Len Rowe

Personal information
- Full name: Leonard Charles Rowe
- Born: 23 January 1938 Northampton, Northamptonshire, England
- Died: 1 April 2009 (aged 71) Durham, County Durham, England
- Nickname: Len
- Batting: Right-handed
- Bowling: Right-handed

Domestic team information
- 1963–1966: Durham
- 1958: Oxford University

Career statistics
| Competition | First-class |
| Matches | 5 |
| Runs scored | 61 |
| Batting average | 7.62 |
| 100s/50s | –/– |
| Top score | 35 |
| Balls bowled | – |
| Wickets | – |
| Bowling average | – |
| 5 wickets in innings | – |
| 10 wickets in match | – |
| Best bowling | – |
| Catches/stumpings | 5/– |
- Source: Cricinfo, 12 August 2011

= Len Rowe =

English cricketer and rugby union player

Leonard Charles Rowe (23 January 1938 - 1 April 2009) was an English cricketer and rugby union player. In cricket, Rowe was a right-handed batsman. He was born in Northampton, Northamptonshire.
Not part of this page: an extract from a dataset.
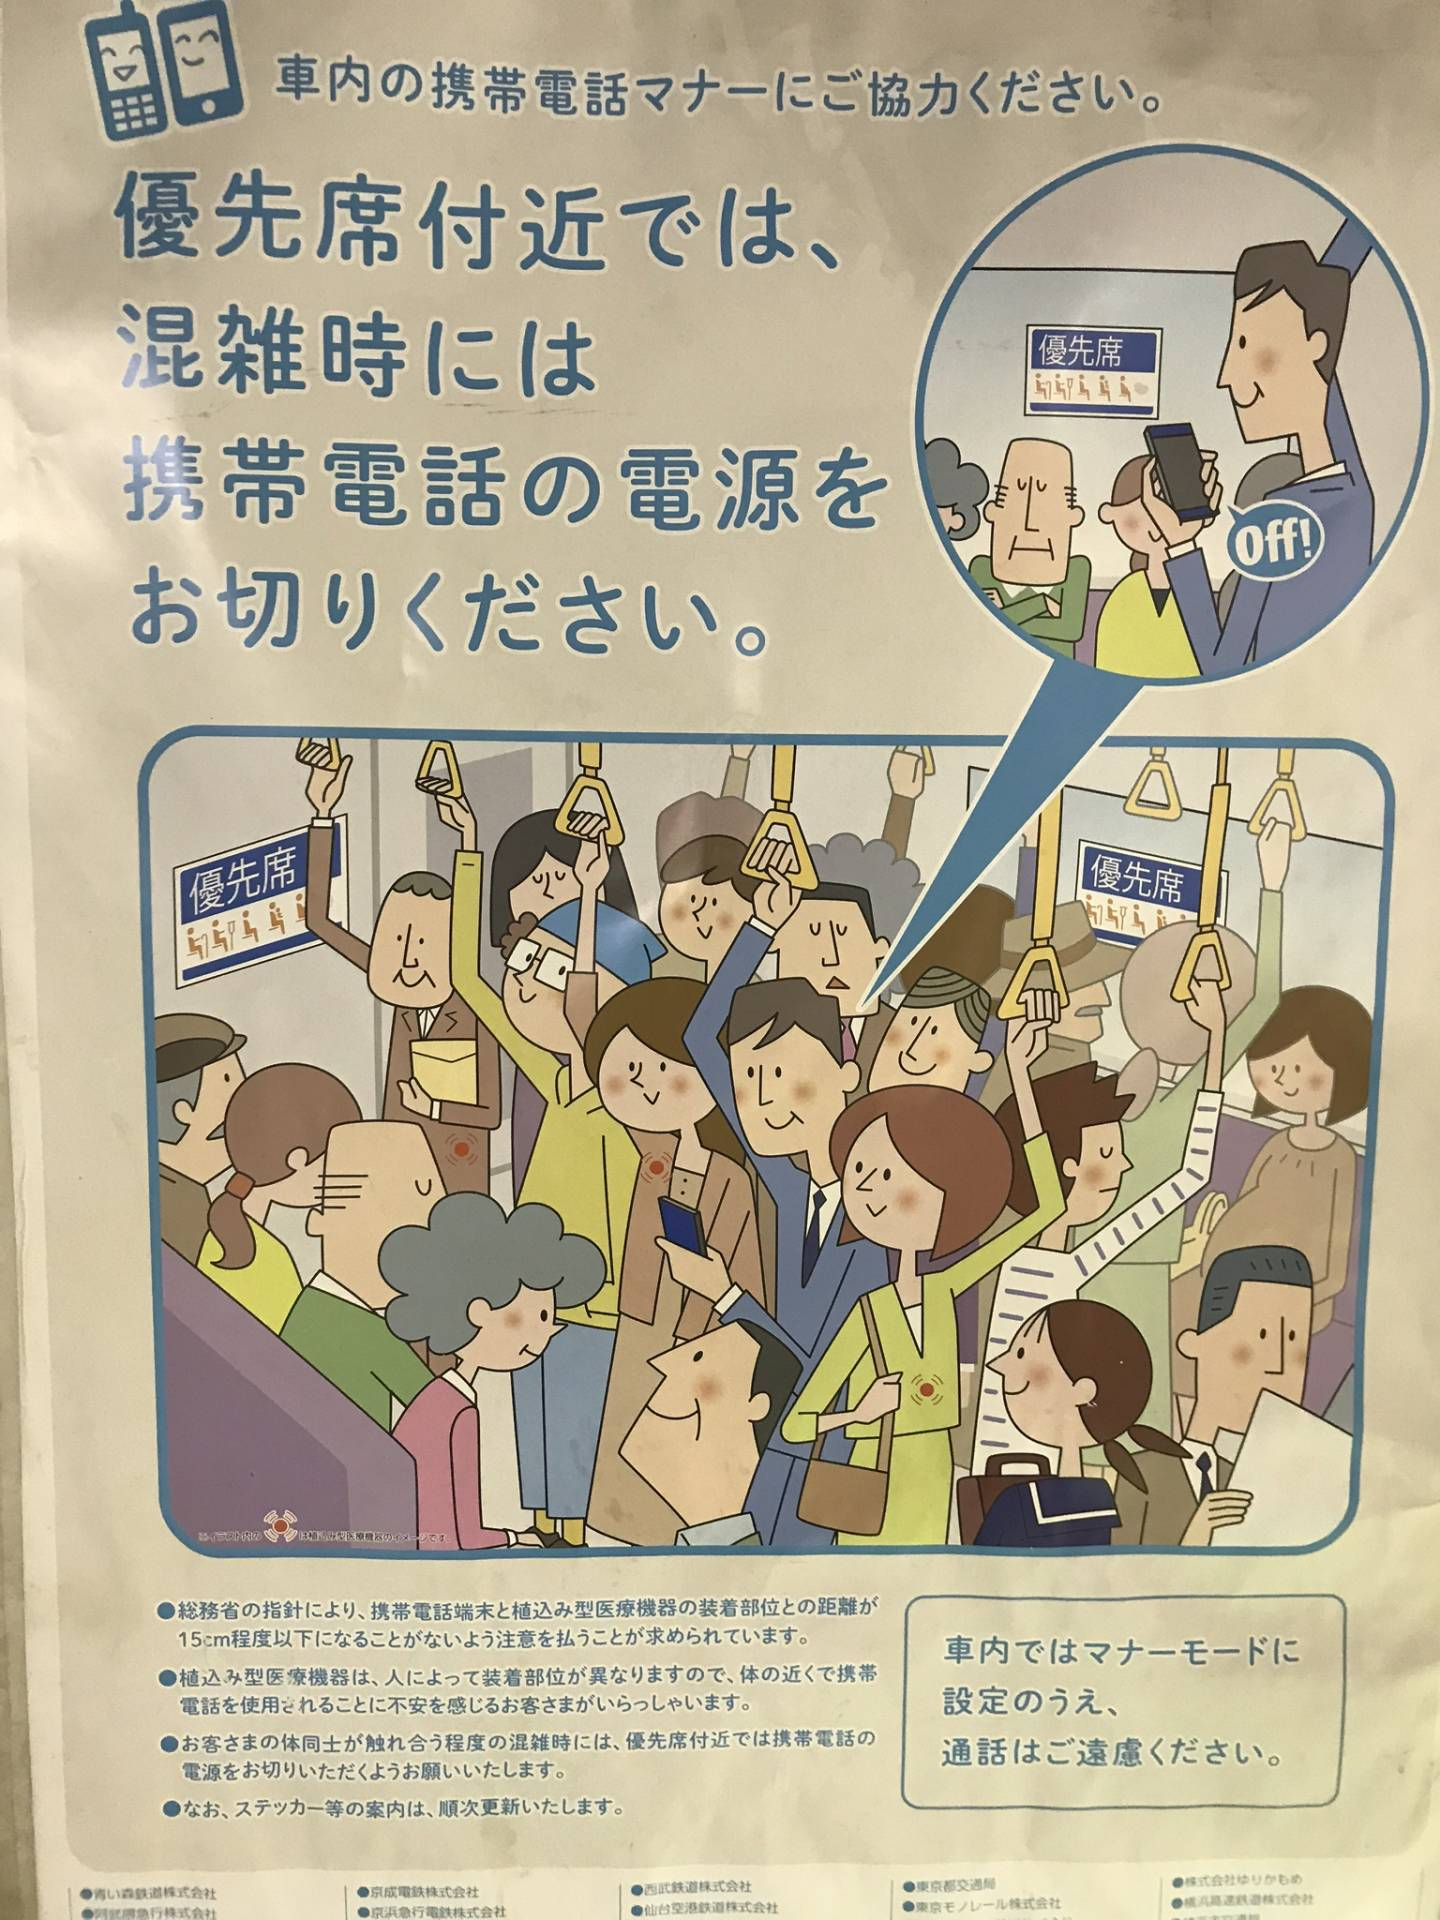 ein Plakat zum richtigen Verhalten in japanischen Zügen

Having played for the Northamptonshire Second XI since 1955, Rowe later undertook studies at Oxford University, where he made his first-class debut for Oxford University against Gloucestershire in 1958. He made 4 further first-class appearances for the university in 1958, the last of which came against the touring New Zealanders. Used as an opening batsman, Rowe had little success in his brief first-class career, scoring 61 runs at an average of 7.62, with a highest score of 35, made after he had been shifted to the middle order. During this time he also played rugby union for both Northampton Saints and Oxford University.

He later joined Durham, making his debut for the county in the 1963 Minor Counties Championship against Cumberland. He played Minor counties cricket for Durham from 1963 to 1966, making 10 appearances in the Minor Counties Championship. Outside cricket, Rowe worked as a teacher. He taught English at Durham School, Ferryhill Comprehensive and Durham Johnston School, where he was head of English at the latter two. He retired from teaching in 1994. In later died at his home in Durham, County Durham on 1 April 2009, following a battle against cancer. He was survived by his wife, Margaret, four sons and eleven grandchildren.